Place the egg in a dish.
In another dish place the flour, salt and pepper.
In one last dish place the panko, lemon zest and parmesan cheese.
Place the chicken between two pieces of plastic wrap or a ziploc bag and pound to ¼ inch thick.
Remove the breasts and slice them diagonally creating 4 chicken breasts instead of 2.
Heat a skillet over medium-low heat and add 1 tablespoon of olive oil and 1 tablespoon of butter.
Dredge the chicken in the flour mixture, then egg and lastly the panko.
Add two breasts at a time to the skillet and cook 3-4 minutes per side or until golden and cooked through, adding more oil and butter to the pan as needed.

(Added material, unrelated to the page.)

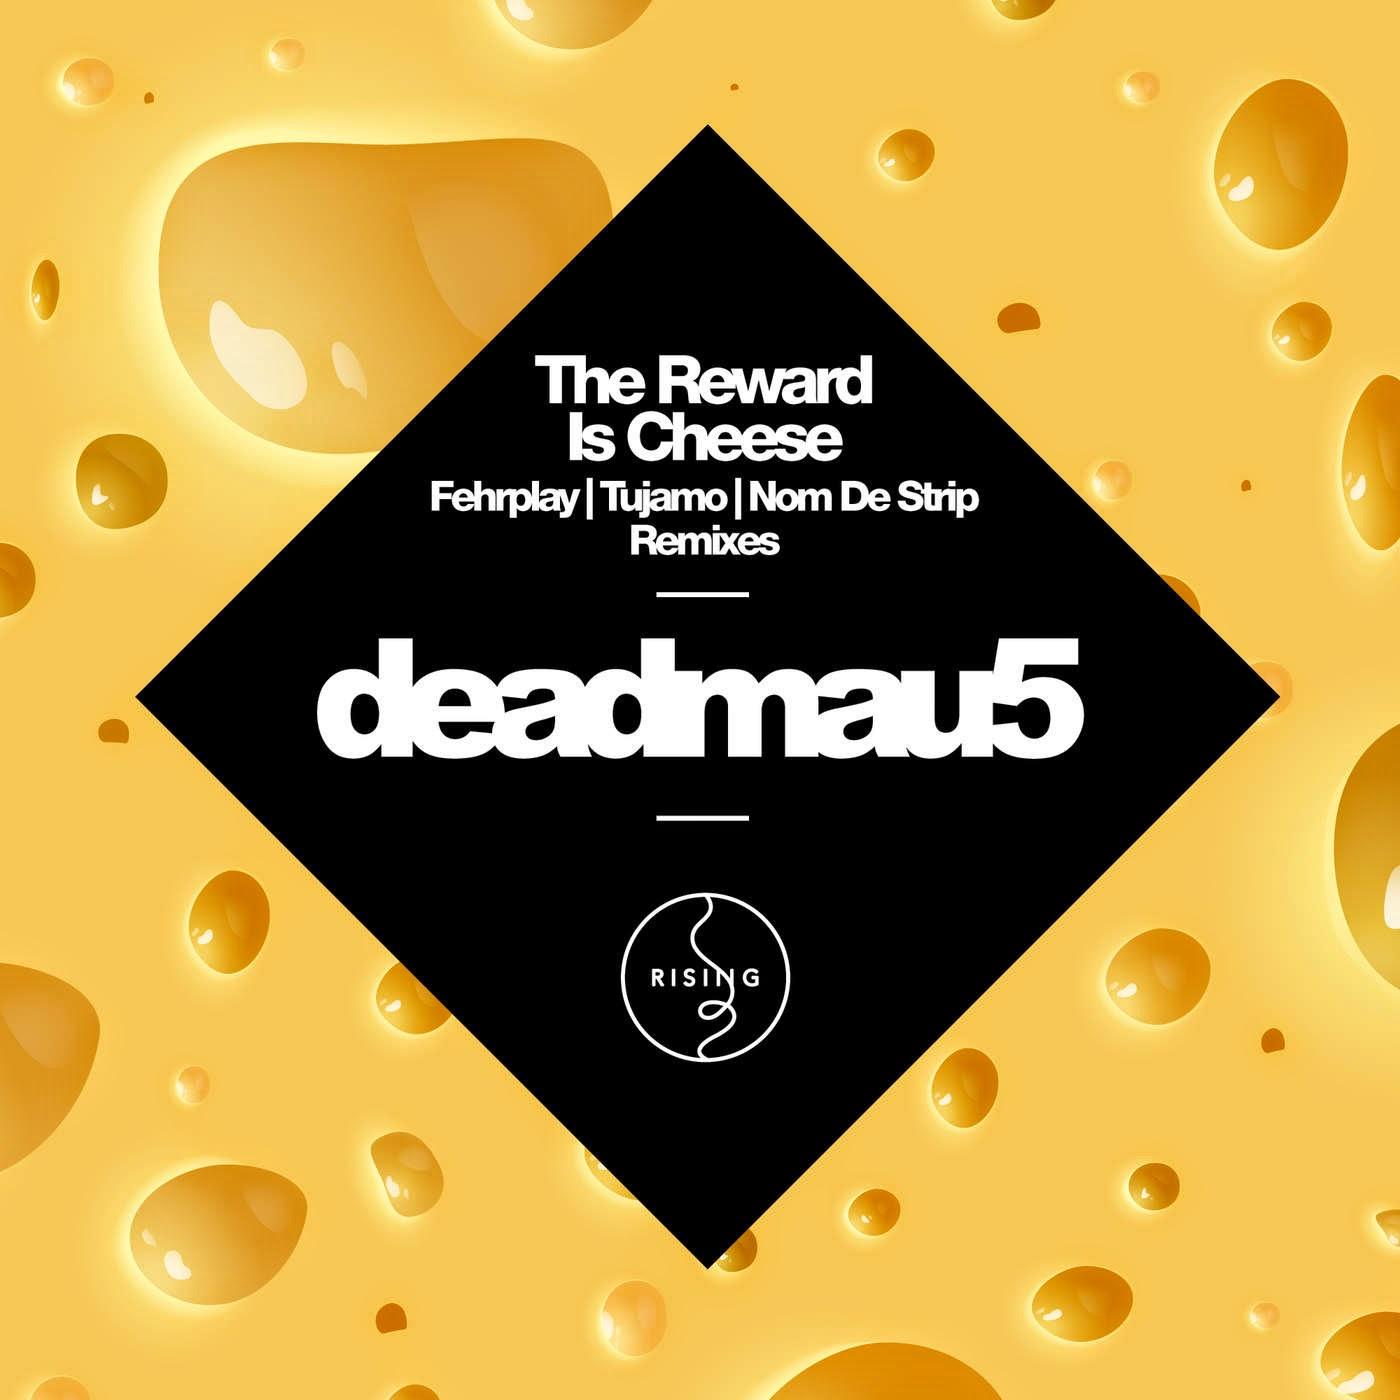 deadmau5 - The Reward Is Cheese - Remixes - Single  Cover

Meanwhile, heat a saucepan over medium heat and add the butter, and concentrated stock.
As the two begin to melt add the garlic and cook until everything is melted together and the garlic is fragrant, about 1 min.
Add the flour and whisk vigorously. Everything will come together in a clump. Continue to whisk for an additional 30 seconds to 1 minute to cook out the flour-y taste.
Quickly add the white wine and then the heavy cream.
Season with salt and pepper.
Whisk for a minute and reduce to a simmer, whisking occasionally, until thickened.
Add the lemon zest, and lemon juice. Continue to whisk until everything is well incorporated.
Remove from heat and serve over the chicken alongside sides such as asparagus, roasted mashed potatoes, fingerlings etc.